然而,摟住她的懷抱別說是摔,這番掙紮也沒絲毫傾斜不穩感。

鄔煜拍了拍她腰際,示意她安分些,也不解釋隻固執著將人往目的地帶去。

待走近了,原來是他們屋子的門。

在鄔煜的示意下,許兮推開了眼前的門。

“喜歡嗎?”鄔煜說著,這次沒再不理會她的掙紮,將懷中少女放了下來。

許兮看著眼前的豔陽天,聽著耳邊的蟬鳴鳥叫,還有個各類繁雜的果子香甜幽幽傳來……

她知道了他的那句喜歡嗎是指什麽,她朝斂眸的鄔煜看去,點著頭嗯了聲,眉眼含笑又道了聲喜歡。

如此,幻境看來一時半會還崩塌不了,她還有時間的。

摸魚遊玩的時日總是很快。

許兮本意是想帶鄔煜走出對父母的傷痛,然而回想起來,其實在這些時日裏,更多是鄔煜將就著她的嬉戲玩鬧。
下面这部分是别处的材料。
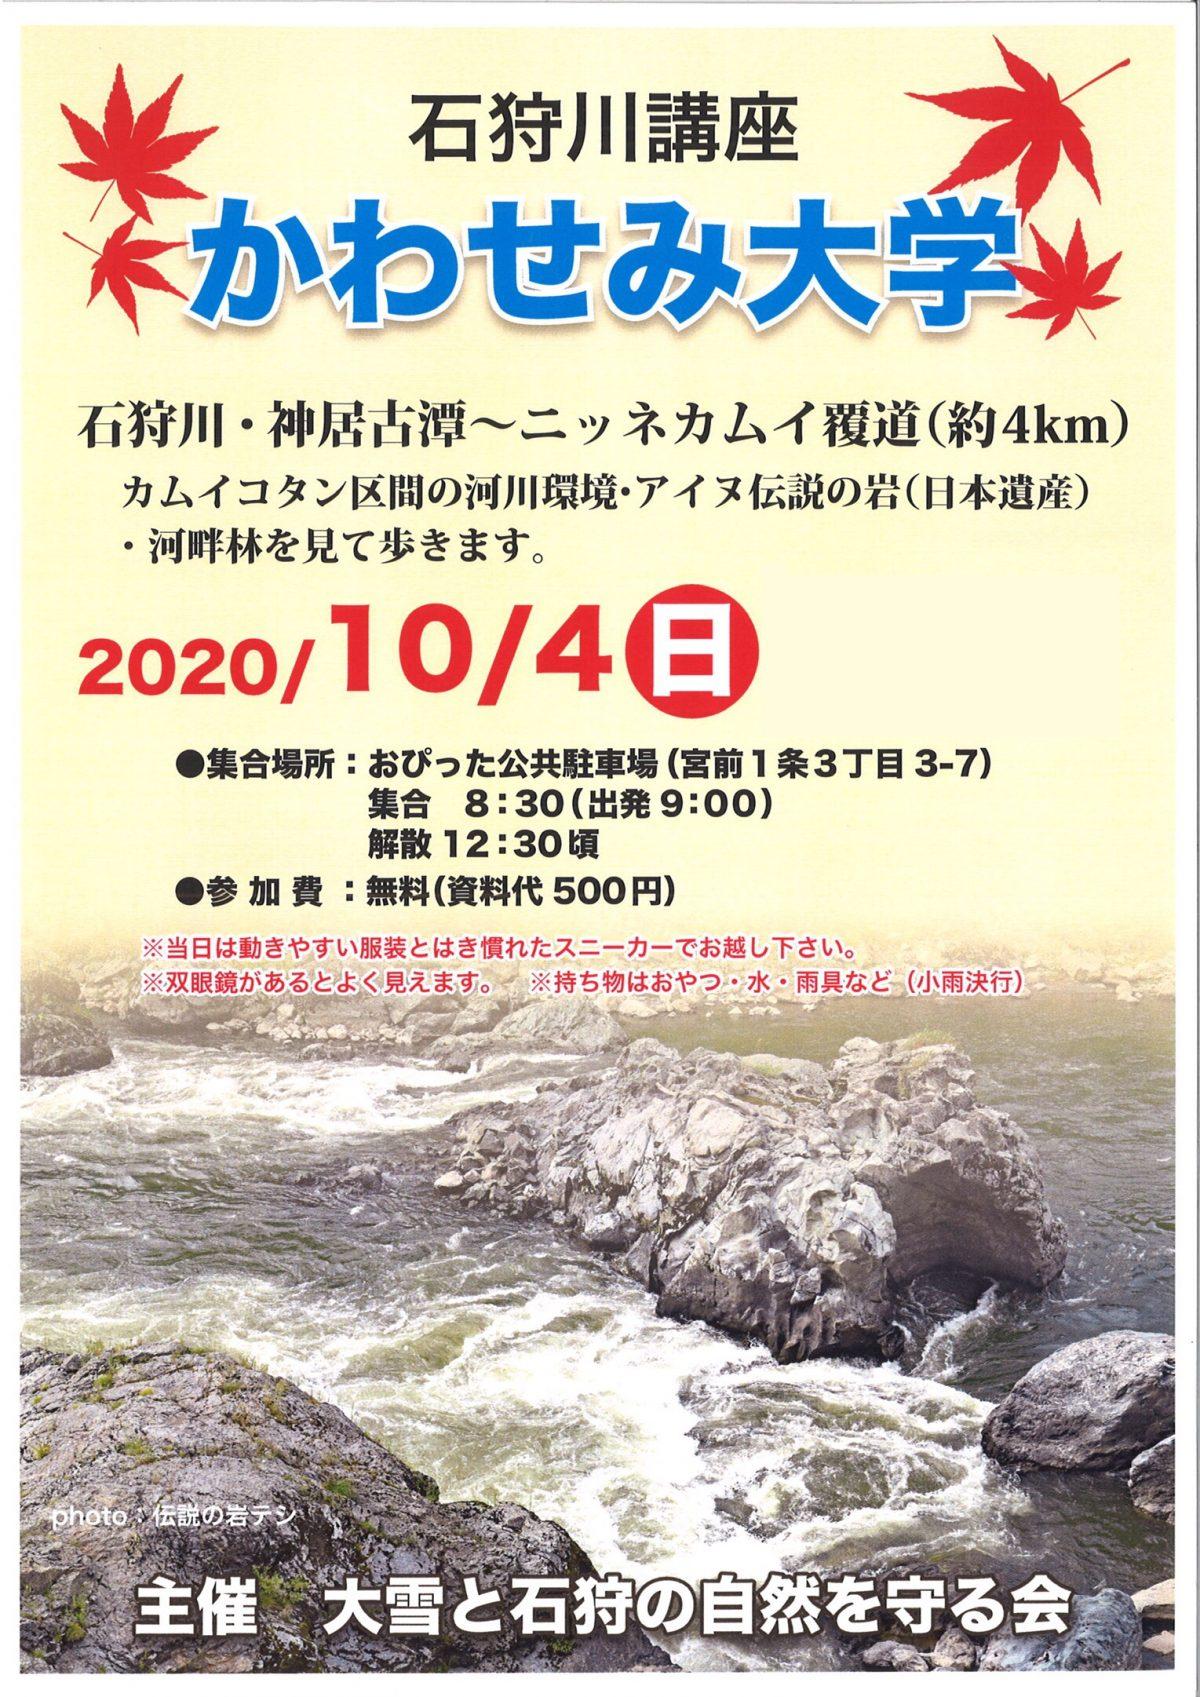 2020年10月4日 石狩川講座 かわせみ大学

如她那日口中所說的想要,鄔煜帶著她摸魚摘果,看花謝花開……甚至,他還教了幾招劍式給到許兮。

那日,許兮看著他腰間軟劍——無情劍再現。

當時,她第一反應還以為是這曆情幻境崩了,第二反應便是鄔煜心魔起來了。

然而,鄔煜握著手中劍過來時,給人略顯涼薄的眼皮微掀,眸中含笑道:“來,兮兮同我過幾招。”

聽到這一聲兮兮,許兮心中的咯噔才落了下去。

“比?需要我讓著你些嗎?”許兮眼一抬,微仰下巴故意問詢道。

鄔煜輕笑了聲,心甘情願著入套道:“不,夫君我自該讓夫人十招才是。”

他這話一落,許兮才不同他客氣呢,接了句這可是你自己說的,然後便將劍往他這邊招呼了過來。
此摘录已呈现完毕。